Why “Professional”? These cameras are $60 more than the standard Hyperfire 2. Based on the Reconyx comparison tool, here are key differences.
Reconyx Hyperfire (source: www.reconyx.com)
Greater range of video length options
More frame rate options
More trigger delay options
Motion sensor scheduling
More time-lapse intervals and surveillance modes
Greater range of ISO and nighttime shutter settings
Higher/lower operating temperatures
Optional external power connector
Option for custom focal system
Optional external trigger
Software with more options
The Security Enclosure:
A good lock and security enclosure are important for most sites. But we also like the Reconyx security enclosure for another reason: image stability. Minimizing camera movement is one of the most important considerations for effective monitoring! Of course, a security enclosure does not guarantee a perfectly stable camera. But we like the way the enclosure can be mounted in a permanent position and the camera can be removed for maintenance and placed back in the security enclosure without large translational or rotational shifts in the field of view. We have used other cameras and mounting systems where the camera and/or mount has to be loosened or removed when swapping the SD card and/or changing batteries. When we re-attach the camera and/or mount, it’s a guessing game as to whether we’ve returned the camera to a position that captures even a similar field of view.
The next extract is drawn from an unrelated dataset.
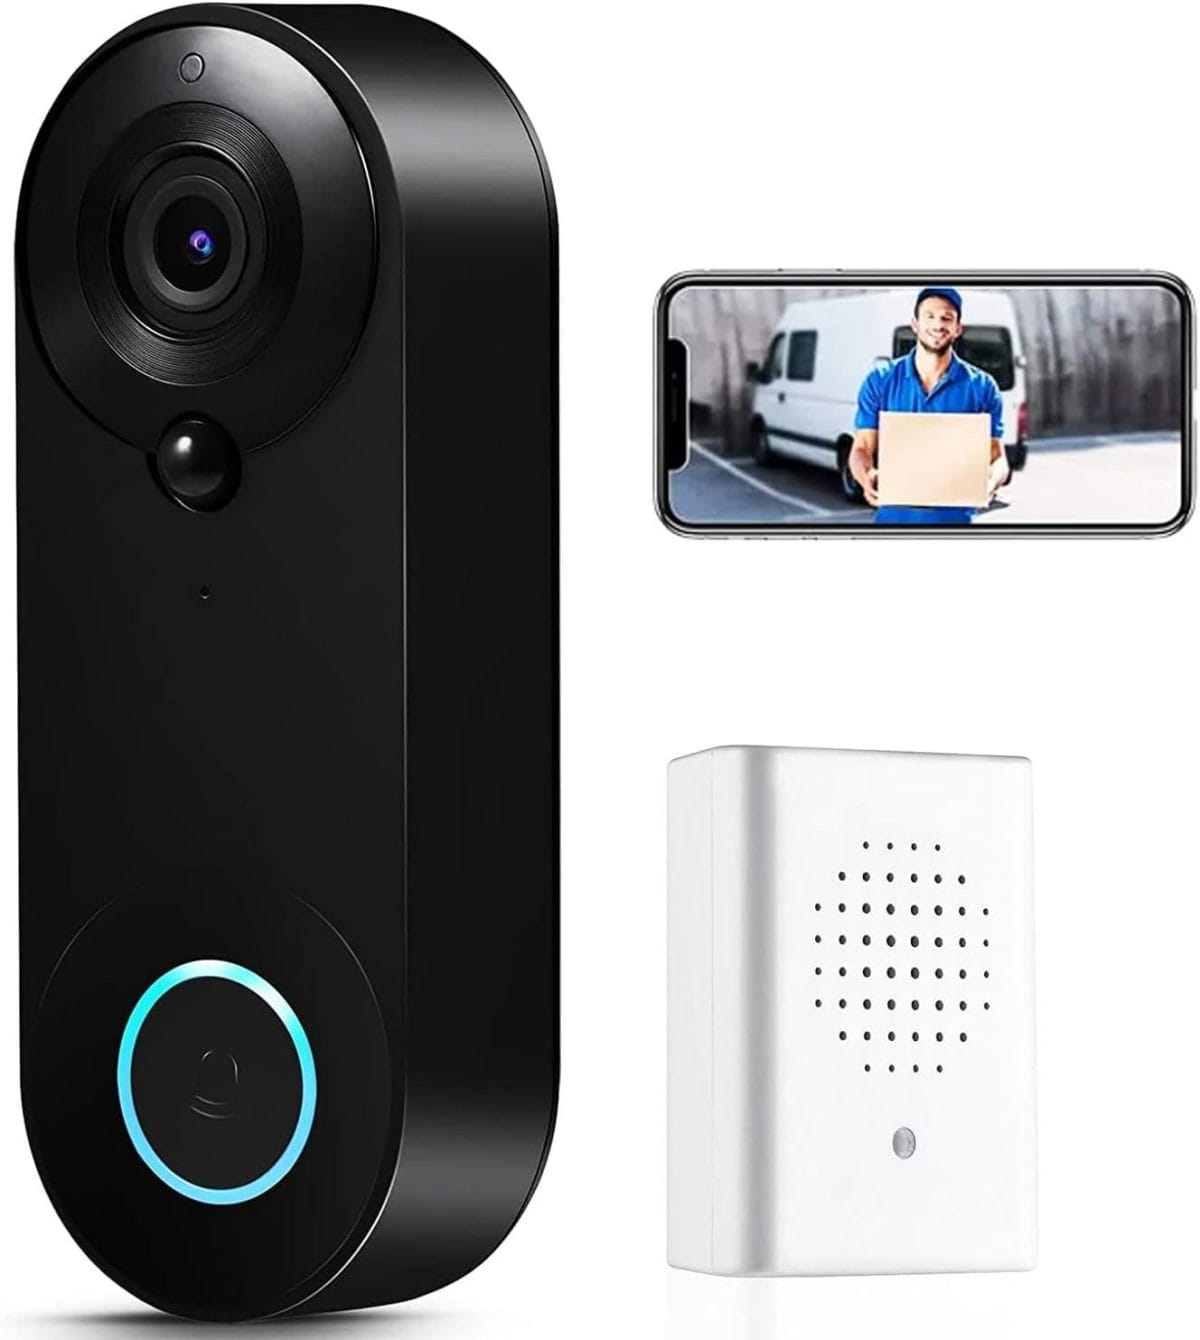 TSOGIA Doorbell Camera Wireless, 1080P HD WiFi Video Doorbell with Chime, Motion Detector, Night Vision, Cloud Storage, 2-Way Audio, Rechargeable Wireless Doorbell for Home

Reconyx security enclosures as seen at https://www.reconyx.com/product/Security-Enclosure.
Other Accessories:
We are just now trying this heavy duty swivel mount: https://www.reconyx.com/product/Heavy-Duty-Swivel-Mount. We have heard good things about it and will update when we have more experience.
When using lithium AA batteries in a standalone camera, we have long camera run times. We are just getting acquainted with the cellular camera, which obviously requires more power. We have heard good things about Reconyx’s external power supply. It has a nice form factor, but it is pretty simple: a solar panel, charge controller, and replaceable battery. If you’re already great at setting up solar power and/or have the supplies in your lab, maybe you can save a little by doing it yourself. We’ll update here after we have some experience with this power supply: https://www.reconyx.com/product/solar-charger-10-watt.
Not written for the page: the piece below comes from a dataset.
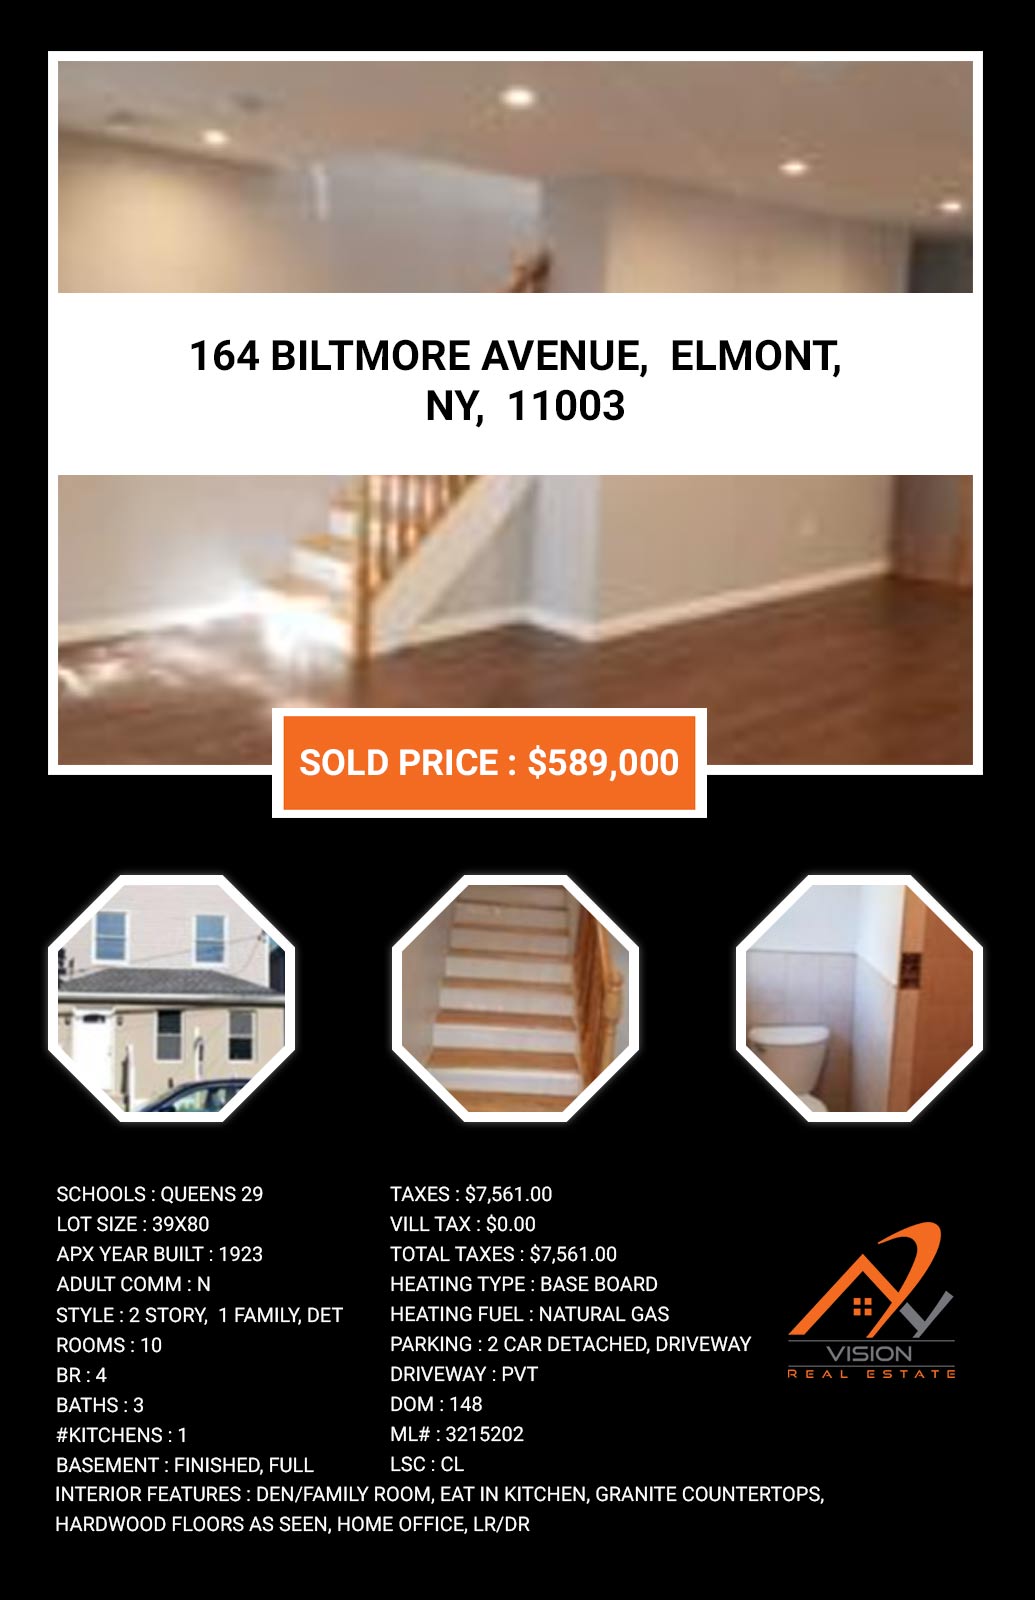 Home for Sale Biltmore Avenue, Elmont, NY

Things we think you should NOT do:
Pretty please, do not just stick a t-post in the ground and attach a camera. You will get a lot of camera movement and it will make life more difficult when you want to process your images.
Do not just strap a camera on a tree. If you are using a tree and can’t use screws or lag bolts, then securely attach an enclosure (directly, or via swivel mount that is strapped to the tree). If you just strap the camera to a tree and then have to remove the strap and camera each time you swap an SD card and/or batteries, you will get a lot of camera movement and it will make life more difficult when you want to process your images.
In conclusion, we think the Reconyx camera is a good choice for our research projects. It is a relatively expensive option and much cheaper cameras might acquire imagery that is suitable for your work. We’d be happy to hear if there are other options that have worked well for you. When it’s all said and done, the best advice we can offer is to create a stable mounting system that minimizes changes in the field of view. Otherwise, you will get a lot of camera movement and it will make life more difficult when you want to process your images!